Ware is no longer working for CNN after four years of battle-scarred reporting that put him in harm's way too many times to recount. He had already been in the war zone for five years, working for Time magazine. He suffers from post-traumatic stress disorder, and it's no wonder when you watch what he did day in and day out.

One particular incident that didn't make it to Americans' living rooms occurred in 2007, right in front of Ware. He went on the record for an Australian produced two-part television special, "Australian Story", chronicling his nine years overseas. It involved an alleged 2007 shooting of an Iraqi teenager.

Michael Ware's Iraqi aides captured and tortured for helping him

According to Ware, the youth was carrying a weapon to defend himself, in a village run by al-Qaeda and was shot in the back of the head by U.S. forces. His crew was filming as the boy came into view.

"(The boy) approached the house we were in and the (US) soldiers who were watching our backs, one of them put a bullet right in the back of his head. Unfortunately it didn't kill him," he tells Australian Story. "We all spent the next 20 minutes listening to his tortured breath as he died."

CNN refused to air his video and it put Ware in what he describes as a terrible moral dilemma. He alleges the incident was ‘‘technically’’ a breach of the Geneva Convention or ‘‘a small war crime if there's such a thing’’. He has shown the tape to other war correspondents, at least one of which spoke with the Australian producers of the TV program. The footage is owned by CNN who refuses to air it.

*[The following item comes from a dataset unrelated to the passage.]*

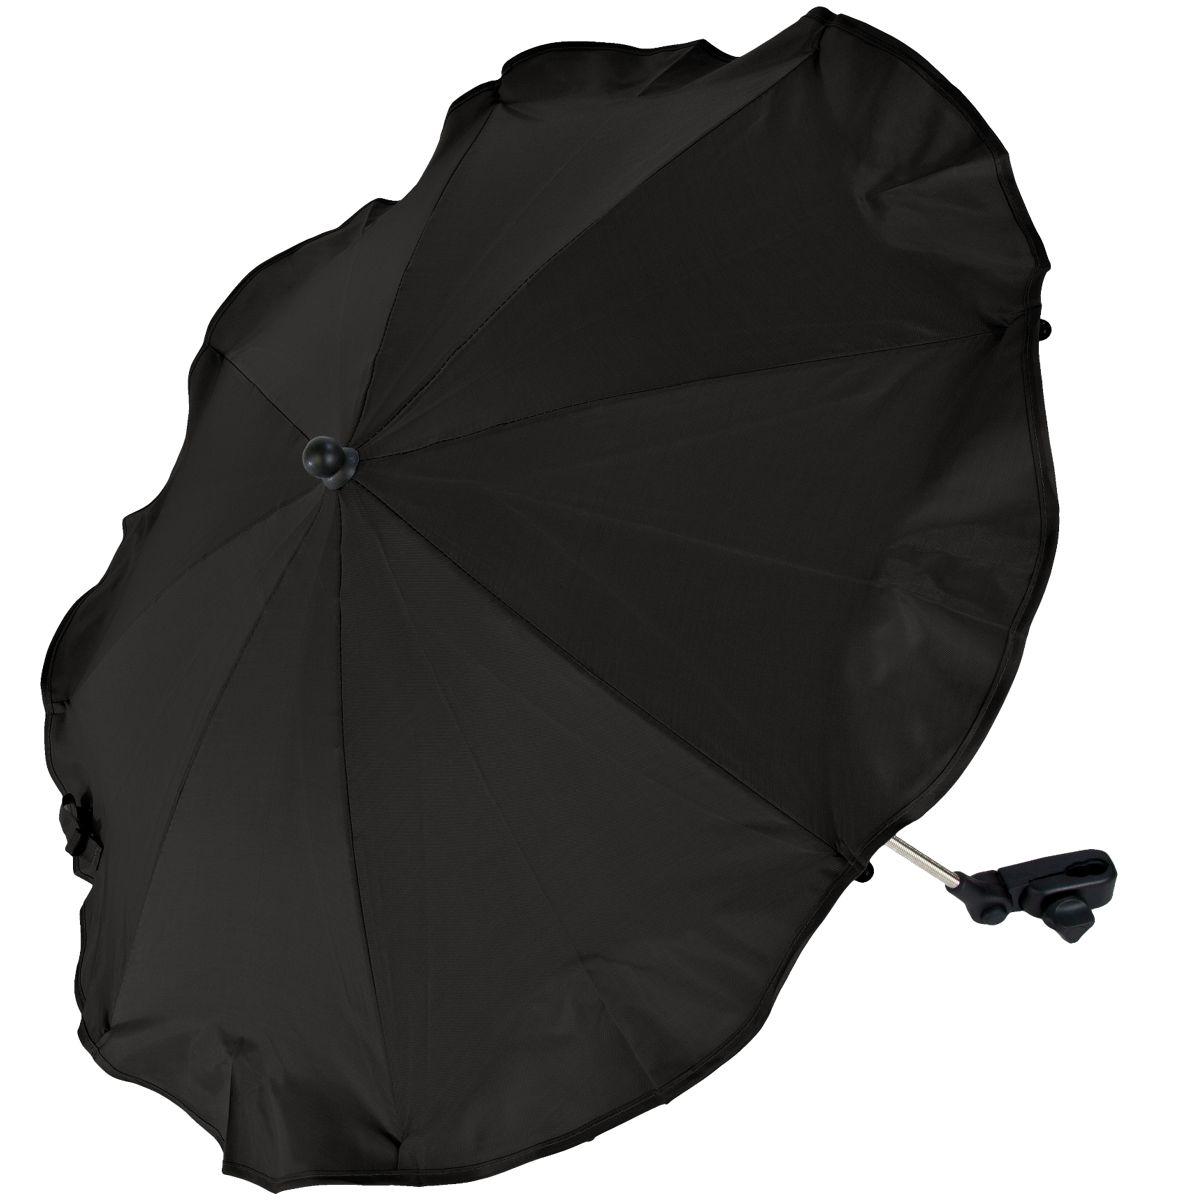 sonnenschirm schirm f r kinderwagen buggy uv schutz 50 baby sonnenschutz ebay. Black Bedroom Furniture Sets. Home Design Ideas

One of the terrible things the journalist had to live with was the capture and torture of Iraqi citizens, who worked as his aides in the broadcast crew. They were eventually released but the guilt haunts him to this day. He claims that Iraqis had a "death sentence" placed on them if they were found to have assisted CNN or him in any way. It is abundantly clear that Ware suffers from PSTD and one has to view his allegations with that in mind.

Obviously CNN is entitled to make editorial decisions about what is proper or too inflammatory for viewing, but it is the position of Michael Ware, that the network was pressured not to undermine the war effort. The television special will air in Australian on September 23.